Equally, and to what I believe to be part of the rationale for this strategic decision by Marriott… Why should hotels pay commission to agents who (certainly not all) don’t consider that they’re providing the hotel with a service?  When I was an agent, I took the approach that hotels & venues were both a client and a supplier.  If someone pays you, they are invariably a client because you’re providing a service, presumably of some value.  Yet, the most consistent gripe I heard when sitting on hotel advisory boards was the escalating costs of distribution and the poor business conversion rates via 3rd party channels compared with direct, both of which impact on profit.  The latter pain point is a consequence of the way agencies operate and thus makes the former more difficult to bear.  My teams and the agencies I worked for took this on board and we strived hard to ensure that we provided optimum value as a distribution channel and ‘service’, which meant working hard to increase average conversion rates and providing a service that would ultimately be of greater value via a 3rd party.  This benefited our business as much as it did the hotels, with stronger supplier relationships, more efficient operations, and strong client retention and new business win ratios. 

“If you are paid by someone, they are invariably a client, because you’re providing a service, presumably of some value.” 

In the context of client-agency-hotel relationships, these are big challenges but they are not insurmountable.  Agencies can bring great value to the market.

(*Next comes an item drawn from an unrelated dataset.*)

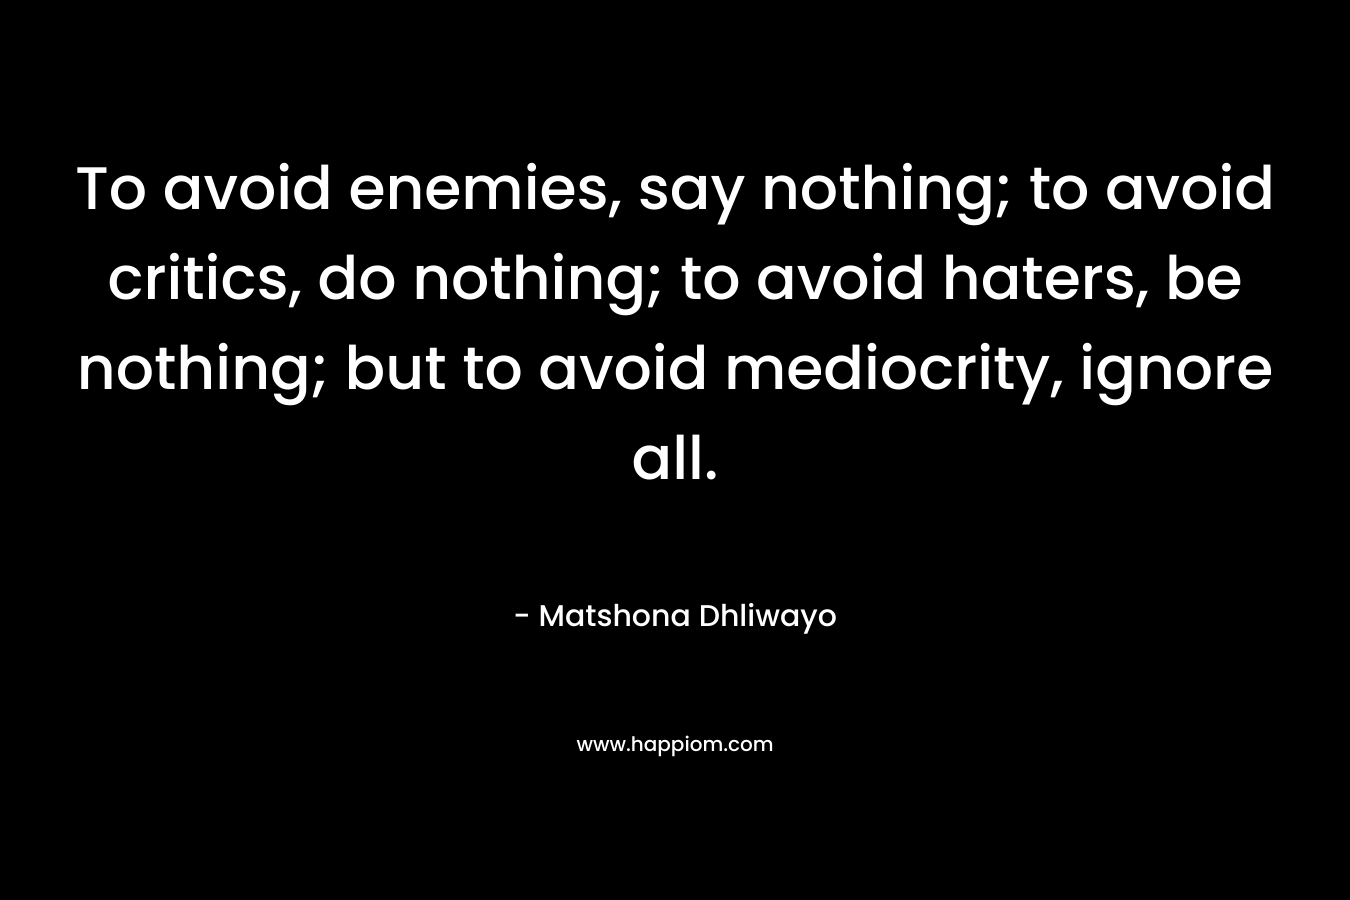 To avoid enemies, say nothing; to avoid critics, do nothing; to avoid haters, be nothing; but to avoid mediocrity, ignore all.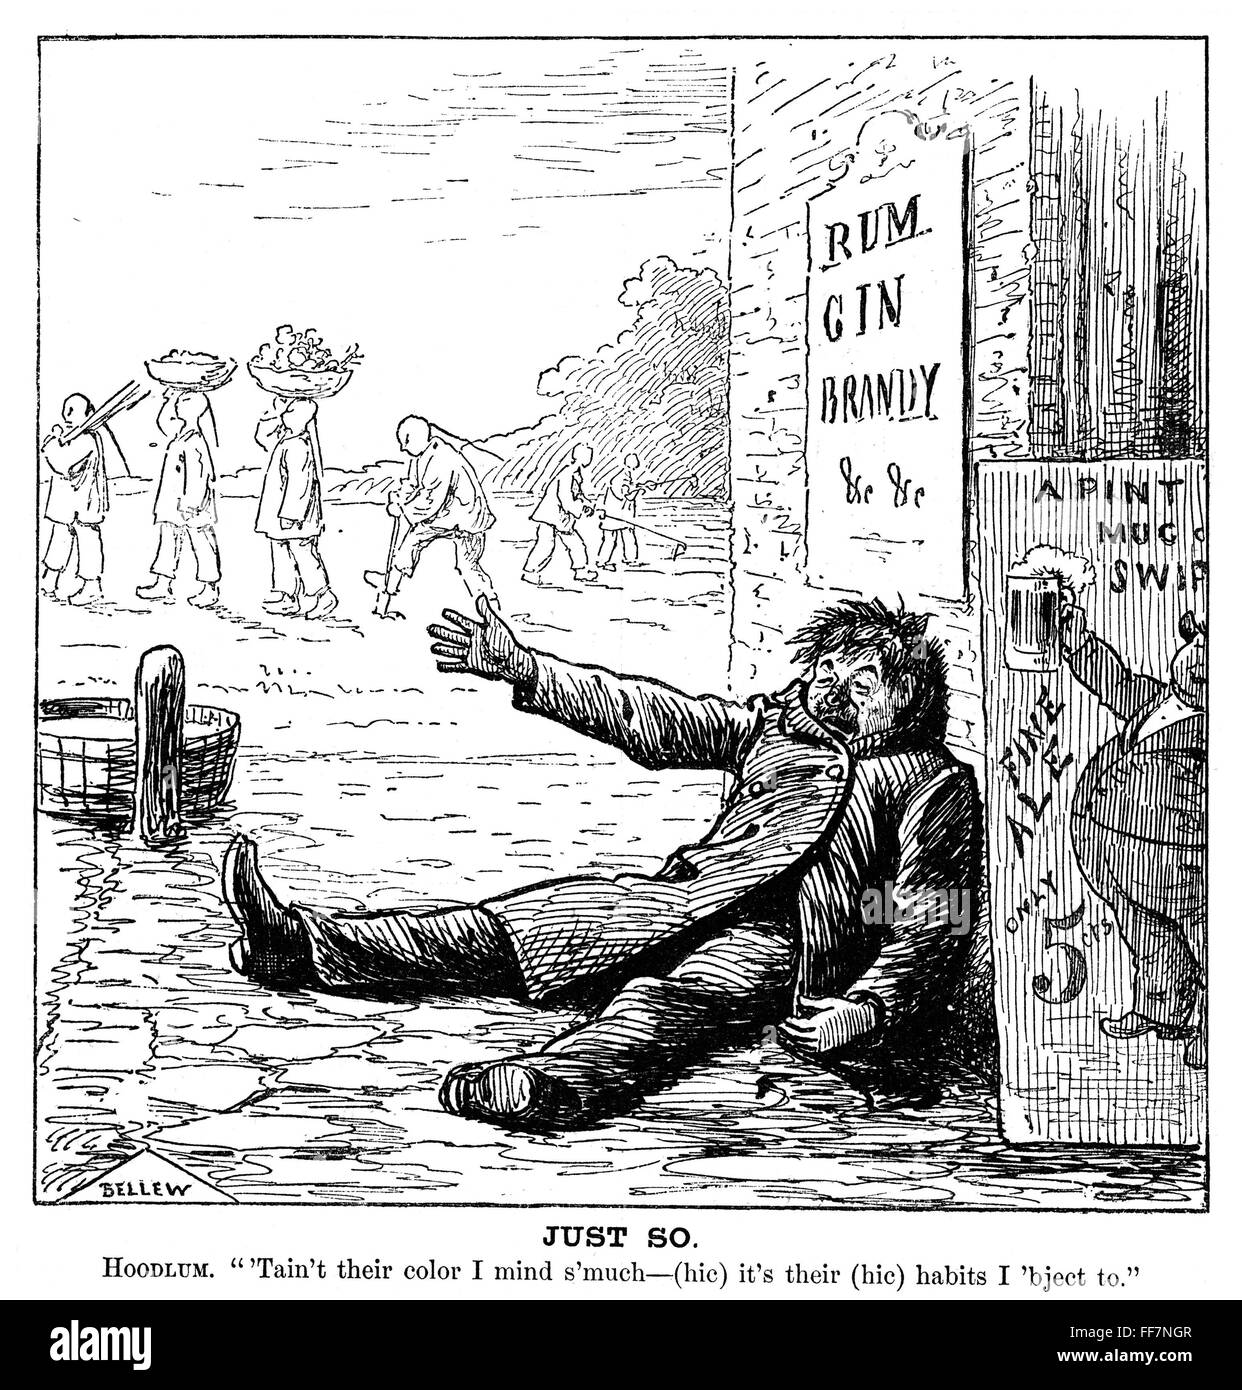 IMMIGRATION CARTOON, 1879. /n'Just So': American cartoon by Frank Bellew,  1879, ridiculing Irish contempt for Chinese immigrants by inviting contempt  for the Irish immigrants Stock Photo - Alamy

Marriott have said as much within their statement. Some may view that as hollow words and ask what else they’re meant to say, but Marriott employs large teams that are focussed on account managing the agencies and nurturing the partnerships that provide them with value.  However, as with any partnership, if one of the parties doesn’t feel they are getting full value, they’re eventually going to employ an alternative strategy.  You may not agree with it, but once you pinpoint the cause and effect, you can make sense of it.

So, what does the future look like? Well, this is the first move and it depends now upon what follows. The agency community, most likely via industry associations, will seek dialogue with Marriott and try to exert pressure. If Marriott are to buckle under such pressure, it’s likely they will want some assurances in return. Hotels largely report that business conversion from agencies sits at an average of 5%-8%, which needs to – at least – be tripled for hotels to see real value from a commissionable service. 

The hotels have long felt that this is not an equitable model.  It’s eroding their profits.  Equally, agencies have seen their costs of business increasing over the last decade, having to provide more services for increasingly less margin.  So, the client must come into the equation somewhere too, but that’s probably the basis of an altogether different blog.

Technology, data, and thus business reporting has improved immensely over the last decade.  It’s still not where it needs to be, but maybe Marriott and other hotels will utilise their reporting mechanisms to adopt an alternative commission policy rewarding agencies that support their business objectives and deliver higher average business conversion rates.